Data entries:
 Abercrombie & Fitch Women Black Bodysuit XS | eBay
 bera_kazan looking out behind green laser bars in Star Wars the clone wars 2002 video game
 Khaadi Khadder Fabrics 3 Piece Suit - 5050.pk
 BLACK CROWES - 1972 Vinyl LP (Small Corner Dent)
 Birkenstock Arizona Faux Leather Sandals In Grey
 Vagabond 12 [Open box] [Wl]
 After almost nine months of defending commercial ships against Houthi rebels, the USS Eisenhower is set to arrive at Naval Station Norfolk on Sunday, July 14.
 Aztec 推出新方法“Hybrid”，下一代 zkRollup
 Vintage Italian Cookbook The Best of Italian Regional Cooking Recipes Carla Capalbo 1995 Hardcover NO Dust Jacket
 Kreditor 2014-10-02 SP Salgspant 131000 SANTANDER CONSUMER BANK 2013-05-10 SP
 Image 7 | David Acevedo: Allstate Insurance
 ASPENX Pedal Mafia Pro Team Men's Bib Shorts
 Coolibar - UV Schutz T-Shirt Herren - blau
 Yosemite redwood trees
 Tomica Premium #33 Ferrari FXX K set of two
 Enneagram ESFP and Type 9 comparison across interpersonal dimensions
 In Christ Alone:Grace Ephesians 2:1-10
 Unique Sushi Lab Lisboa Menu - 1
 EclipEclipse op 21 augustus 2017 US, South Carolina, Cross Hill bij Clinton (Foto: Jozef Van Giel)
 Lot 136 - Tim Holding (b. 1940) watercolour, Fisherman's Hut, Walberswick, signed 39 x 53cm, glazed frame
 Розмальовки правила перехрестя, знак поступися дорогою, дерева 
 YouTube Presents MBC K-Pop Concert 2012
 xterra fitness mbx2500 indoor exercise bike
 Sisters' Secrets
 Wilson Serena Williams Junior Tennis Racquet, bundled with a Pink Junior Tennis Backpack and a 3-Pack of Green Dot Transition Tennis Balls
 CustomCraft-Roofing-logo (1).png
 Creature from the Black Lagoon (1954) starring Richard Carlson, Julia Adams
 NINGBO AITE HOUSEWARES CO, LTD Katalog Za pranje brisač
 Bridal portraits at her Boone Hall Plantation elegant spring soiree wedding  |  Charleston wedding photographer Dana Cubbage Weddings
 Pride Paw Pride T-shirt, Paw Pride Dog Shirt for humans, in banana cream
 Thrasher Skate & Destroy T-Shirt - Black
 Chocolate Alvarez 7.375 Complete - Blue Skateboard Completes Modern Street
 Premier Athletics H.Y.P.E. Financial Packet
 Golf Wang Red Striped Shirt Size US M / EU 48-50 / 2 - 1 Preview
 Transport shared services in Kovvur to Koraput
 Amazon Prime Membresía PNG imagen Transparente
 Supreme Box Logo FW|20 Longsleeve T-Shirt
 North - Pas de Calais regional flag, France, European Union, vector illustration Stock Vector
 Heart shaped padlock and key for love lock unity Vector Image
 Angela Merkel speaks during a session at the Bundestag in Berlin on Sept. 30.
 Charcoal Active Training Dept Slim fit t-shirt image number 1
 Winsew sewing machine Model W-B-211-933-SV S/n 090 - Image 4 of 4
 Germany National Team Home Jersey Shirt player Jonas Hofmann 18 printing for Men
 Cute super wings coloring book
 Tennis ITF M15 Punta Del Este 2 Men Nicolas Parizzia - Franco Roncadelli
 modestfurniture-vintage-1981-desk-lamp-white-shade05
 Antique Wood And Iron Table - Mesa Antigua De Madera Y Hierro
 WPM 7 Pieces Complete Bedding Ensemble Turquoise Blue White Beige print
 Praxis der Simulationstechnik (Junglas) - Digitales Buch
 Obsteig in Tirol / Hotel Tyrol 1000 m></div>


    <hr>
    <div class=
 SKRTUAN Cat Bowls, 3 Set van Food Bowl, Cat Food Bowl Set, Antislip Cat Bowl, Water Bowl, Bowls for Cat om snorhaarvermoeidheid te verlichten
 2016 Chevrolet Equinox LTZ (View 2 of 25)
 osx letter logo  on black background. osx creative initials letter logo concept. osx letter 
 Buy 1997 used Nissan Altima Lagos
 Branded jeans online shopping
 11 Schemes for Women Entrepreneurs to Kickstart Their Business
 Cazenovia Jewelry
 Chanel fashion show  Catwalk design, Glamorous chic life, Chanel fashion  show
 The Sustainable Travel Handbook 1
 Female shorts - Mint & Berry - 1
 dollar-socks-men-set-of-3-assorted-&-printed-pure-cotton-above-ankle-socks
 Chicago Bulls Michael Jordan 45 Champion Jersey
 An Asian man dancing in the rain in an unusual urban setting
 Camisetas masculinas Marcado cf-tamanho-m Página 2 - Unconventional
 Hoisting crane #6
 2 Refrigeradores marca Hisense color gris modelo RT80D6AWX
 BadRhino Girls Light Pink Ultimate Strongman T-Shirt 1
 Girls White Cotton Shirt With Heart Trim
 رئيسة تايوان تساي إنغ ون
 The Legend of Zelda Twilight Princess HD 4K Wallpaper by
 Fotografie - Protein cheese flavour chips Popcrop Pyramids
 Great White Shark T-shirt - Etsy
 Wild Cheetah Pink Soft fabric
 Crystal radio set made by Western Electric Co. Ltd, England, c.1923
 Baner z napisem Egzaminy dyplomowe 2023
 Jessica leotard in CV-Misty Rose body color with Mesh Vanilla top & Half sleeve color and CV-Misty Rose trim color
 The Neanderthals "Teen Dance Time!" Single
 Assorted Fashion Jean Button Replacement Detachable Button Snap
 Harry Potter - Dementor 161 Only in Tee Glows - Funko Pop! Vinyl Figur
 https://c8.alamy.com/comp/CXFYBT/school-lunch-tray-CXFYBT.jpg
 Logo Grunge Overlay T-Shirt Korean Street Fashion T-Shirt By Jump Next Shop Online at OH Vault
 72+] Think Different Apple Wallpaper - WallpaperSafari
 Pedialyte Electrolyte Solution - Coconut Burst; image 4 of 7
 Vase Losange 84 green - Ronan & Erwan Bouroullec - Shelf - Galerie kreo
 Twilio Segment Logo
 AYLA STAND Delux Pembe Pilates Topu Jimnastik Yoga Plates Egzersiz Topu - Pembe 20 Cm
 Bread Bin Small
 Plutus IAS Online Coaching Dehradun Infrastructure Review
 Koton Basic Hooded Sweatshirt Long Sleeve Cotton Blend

_Your goal:_ Please reproduce each entry above exactly as it reads.

_Output below:_
 Abercrombie & Fitch Women Black Bodysuit XS | eBay
 bera_kazan looking out behind green laser bars in Star Wars the clone wars 2002 video game
 Khaadi Khadder Fabrics 3 Piece Suit - 5050.pk
 BLACK CROWES - 1972 Vinyl LP (Small Corner Dent)
 Birkenstock Arizona Faux Leather Sandals In Grey
 Vagabond 12 [Open box] [Wl]
 After almost nine months of defending commercial ships against Houthi rebels, the USS Eisenhower is set to arrive at Naval Station Norfolk on Sunday, July 14.
 Aztec 推出新方法“Hybrid”，下一代 zkRollup
 Vintage Italian Cookbook The Best of Italian Regional Cooking Recipes Carla Capalbo 1995 Hardcover NO Dust Jacket
 Kreditor 2014-10-02 SP Salgspant 131000 SANTANDER CONSUMER BANK 2013-05-10 SP
 Image 7 | David Acevedo: Allstate Insurance
 ASPENX Pedal Mafia Pro Team Men's Bib Shorts
 Coolibar - UV Schutz T-Shirt Herren - blau
 Yosemite redwood trees
 Tomica Premium #33 Ferrari FXX K set of two
 Enneagram ESFP and Type 9 comparison across interpersonal dimensions
 In Christ Alone:Grace Ephesians 2:1-10
 Unique Sushi Lab Lisboa Menu - 1
 EclipEclipse op 21 augustus 2017 US, South Carolina, Cross Hill bij Clinton (Foto: Jozef Van Giel)
 Lot 136 - Tim Holding (b. 1940) watercolour, Fisherman's Hut, Walberswick, signed 39 x 53cm, glazed frame
 Розмальовки правила перехрестя, знак поступися дорогою, дерева 
 YouTube Presents MBC K-Pop Concert 2012
 xterra fitness mbx2500 indoor exercise bike
 Sisters' Secrets
 Wilson Serena Williams Junior Tennis Racquet, bundled with a Pink Junior Tennis Backpack and a 3-Pack of Green Dot Transition Tennis Balls
 CustomCraft-Roofing-logo (1).png
 Creature from the Black Lagoon (1954) starring Richard Carlson, Julia Adams
 NINGBO AITE HOUSEWARES CO, LTD Katalog Za pranje brisač
 Bridal portraits at her Boone Hall Plantation elegant spring soiree wedding  |  Charleston wedding photographer Dana Cubbage Weddings
 Pride Paw Pride T-shirt, Paw Pride Dog Shirt for humans, in banana cream
 Thrasher Skate & Destroy T-Shirt - Black
 Chocolate Alvarez 7.375 Complete - Blue Skateboard Completes Modern Street
 Premier Athletics H.Y.P.E. Financial Packet
 Golf Wang Red Striped Shirt Size US M / EU 48-50 / 2 - 1 Preview
 Transport shared services in Kovvur to Koraput
 Amazon Prime Membresía PNG imagen Transparente
 Supreme Box Logo FW|20 Longsleeve T-Shirt
 North - Pas de Calais regional flag, France, European Union, vector illustration Stock Vector
 Heart shaped padlock and key for love lock unity Vector Image
 Angela Merkel speaks during a session at the Bundestag in Berlin on Sept. 30.
 Charcoal Active Training Dept Slim fit t-shirt image number 1
 Winsew sewing machine Model W-B-211-933-SV S/n 090 - Image 4 of 4
 Germany National Team Home Jersey Shirt player Jonas Hofmann 18 printing for Men
 Cute super wings coloring book
 Tennis ITF M15 Punta Del Este 2 Men Nicolas Parizzia - Franco Roncadelli
 modestfurniture-vintage-1981-desk-lamp-white-shade05
 Antique Wood And Iron Table - Mesa Antigua De Madera Y Hierro
 WPM 7 Pieces Complete Bedding Ensemble Turquoise Blue White Beige print
 Praxis der Simulationstechnik (Junglas) - Digitales Buch
 Obsteig in Tirol / Hotel Tyrol 1000 m></div>


    <hr>
    <div class=
 SKRTUAN Cat Bowls, 3 Set van Food Bowl, Cat Food Bowl Set, Antislip Cat Bowl, Water Bowl, Bowls for Cat om snorhaarvermoeidheid te verlichten
 2016 Chevrolet Equinox LTZ (View 2 of 25)
 osx letter logo  on black background. osx creative initials letter logo concept. osx letter 
 Buy 1997 used Nissan Altima Lagos
 Branded jeans online shopping
 11 Schemes for Women Entrepreneurs to Kickstart Their Business
 Cazenovia Jewelry
 Chanel fashion show  Catwalk design, Glamorous chic life, Chanel fashion  show
 The Sustainable Travel Handbook 1
 Female shorts - Mint & Berry - 1
 dollar-socks-men-set-of-3-assorted-&-printed-pure-cotton-above-ankle-socks
 Chicago Bulls Michael Jordan 45 Champion Jersey
 An Asian man dancing in the rain in an unusual urban setting
 Camisetas masculinas Marcado cf-tamanho-m Página 2 - Unconventional
 Hoisting crane #6
 2 Refrigeradores marca Hisense color gris modelo RT80D6AWX
 BadRhino Girls Light Pink Ultimate Strongman T-Shirt 1
 Girls White Cotton Shirt With Heart Trim
 رئيسة تايوان تساي إنغ ون
 The Legend of Zelda Twilight Princess HD 4K Wallpaper by
 Fotografie - Protein cheese flavour chips Popcrop Pyramids
 Great White Shark T-shirt - Etsy
 Wild Cheetah Pink Soft fabric
 Crystal radio set made by Western Electric Co. Ltd, England, c.1923
 Baner z napisem Egzaminy dyplomowe 2023
 Jessica leotard in CV-Misty Rose body color with Mesh Vanilla top & Half sleeve color and CV-Misty Rose trim color
 The Neanderthals "Teen Dance Time!" Single
 Assorted Fashion Jean Button Replacement Detachable Button Snap
 Harry Potter - Dementor 161 Only in Tee Glows - Funko Pop! Vinyl Figur
 https://c8.alamy.com/comp/CXFYBT/school-lunch-tray-CXFYBT.jpg
 Logo Grunge Overlay T-Shirt Korean Street Fashion T-Shirt By Jump Next Shop Online at OH Vault
 72+] Think Different Apple Wallpaper - WallpaperSafari
 Pedialyte Electrolyte Solution - Coconut Burst; image 4 of 7
 Vase Losange 84 green - Ronan & Erwan Bouroullec - Shelf - Galerie kreo
 Twilio Segment Logo
 AYLA STAND Delux Pembe Pilates Topu Jimnastik Yoga Plates Egzersiz Topu - Pembe 20 Cm
 Bread Bin Small
 Plutus IAS Online Coaching Dehradun Infrastructure Review
 Koton Basic Hooded Sweatshirt Long Sleeve Cotton Blend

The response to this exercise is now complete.